Have an xlarge instance in AWS running 9 Tomcats with heaps from 256M to 4G. With Ubuntu 10.04 the box sporadically hangs for a few hours with huge run queue (30-40), and nothing on CPU, then recovers. Was suspecting GC, but reproed both with and without CMS GC.

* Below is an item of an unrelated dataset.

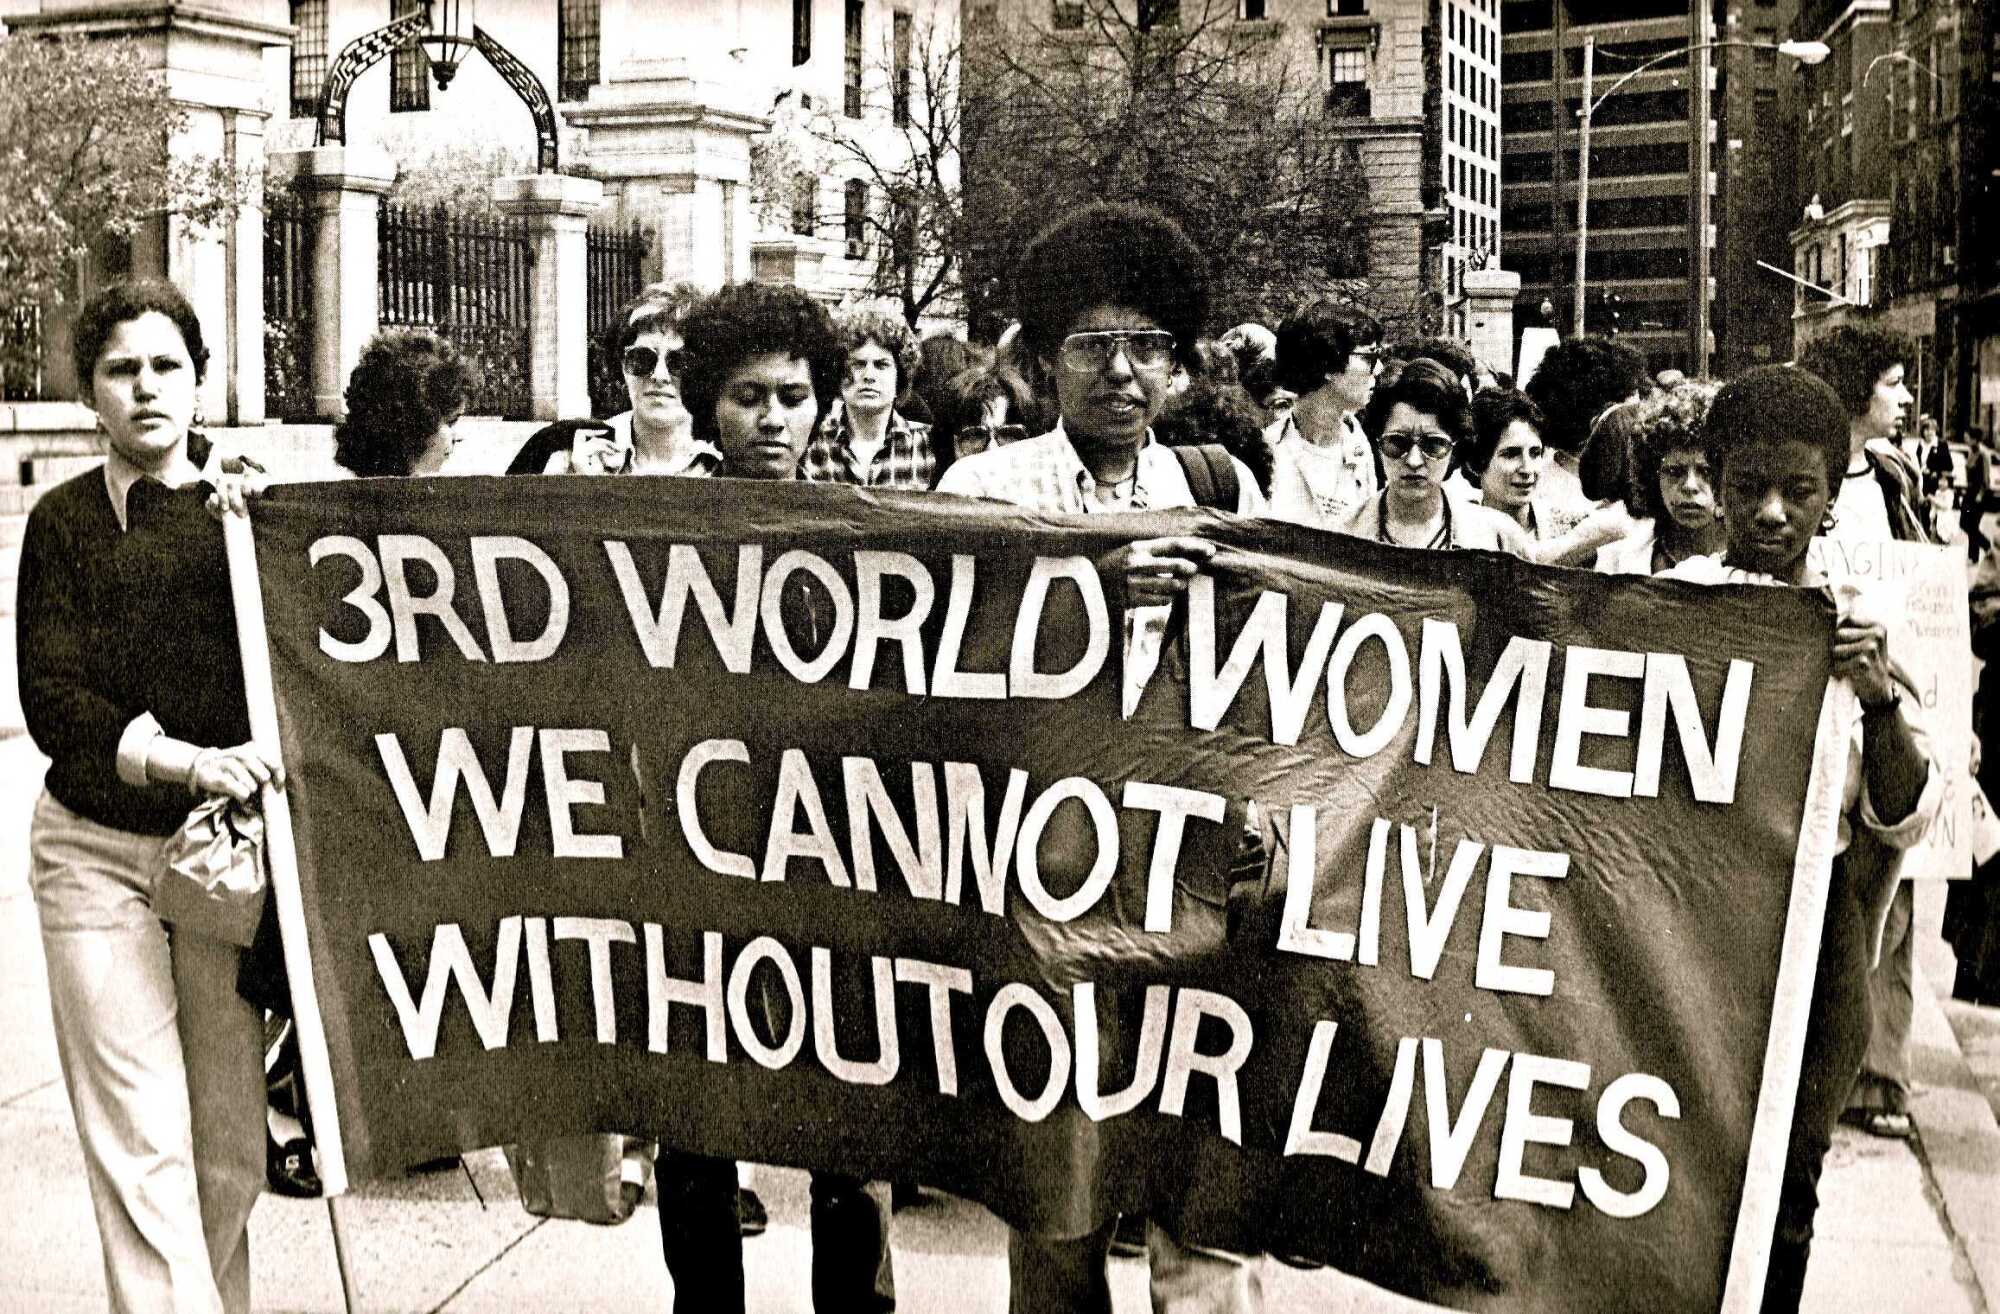 A group of women holds a protest placard in 1979.

After upgrading to 10.10, machine goes into 100% wait in a couple of hours after start, again with no processes on CPU. Here is output from top:
top - 18:33:44 up 3:11, 2 users, load average: 26.99, 26.80, 25.82
Tasks: 126 total, 1 running, 125 sleeping, 0 stopped, 0 zombie
Cpu(s): 0.0%us, 0.0%sy, 0.0%ni, 0.0%id,100.0%wa, 0.0%hi, 0.0%si, 0.0%st
Mem: 15373736k total, 15174780k used, 198956k free, 51288k buffers
Swap: 0k total, 0k used, 0k free, 6208956k cached
PID USER PR NI VIRT RES SHR S %CPU %MEM TIME+ COMMAND
5910 tomcat6 20 0 746m 361m 9872 S 0 2.4 2:01.32 java
10147 tomcat6 20 0 919m 173m 9.8m S 0 1.2 0:22.60 java
12328 ubuntu 20 0 19276 1320 968 R 0 0.0 0:01.41 top
1 root 20 0 23864 2012 1300 S 0 0.0 0:00.38 init
2 root 20 0 0 0 0 S 0 0.0 0:00.00 kthreadd
...
Nothing useful in GC log (on larger instances, with MarkSweep, major GC occurs every 5 min and takes ~4s, incremental is completing in .1 - .2s, plenty of free memory in all generations).
Here is dstat output:
----total-cpu-usage---- -dsk/total- -net/total- ---paging-- ---system--
usr sys idl wai hiq siq| read writ| recv send| in out | int csw
5 1 51 43 0 0| 63k 512k| 0 0 | 0 0 | 435 401
0 0 0 100 0 0| 0 0 | 52B 834B| 0 0 | 185 315
0 0 0 100 0 0| 0 0 |4997B 14k| 0 0 | 247 360
0 0 0 100 0 0| 0 0 | 52B 354B| 0 0 | 146 318
0 0 0 100 0 0| 0 0 | 52B 354B| 0 0 | 149 314
0 0 0 100 0 0| 0 0 | 52B 354B| 0 0 | 145 318
0 0 0 100 0 0| 0 0 |4997B 14k| 0 0 | 227 345
0 0 0 100 0 0| 0 0 | 52B 354B| 0 0 | 158 325
0 0 0 100 0 0| 0 0 | 52B 354B| 0 0 | 160 306
0 0 0 100 0 0| 0 0 | 52B 354B| 0 0 | 148 319
0 0 0 100 0 0| 0 0 |4619B 14k| 0 0 | 224 353
At the time when wait started going through the roof, it was at the end of downloading/parsing a bunch of large files from s3 and writing them locally to disk (instance store). Thread dump (on jconsole, can't kill -3 on the box - hangs), shows single thread blocked at writing to disk.
I am lost. Which rock to turn next? What may be going on here?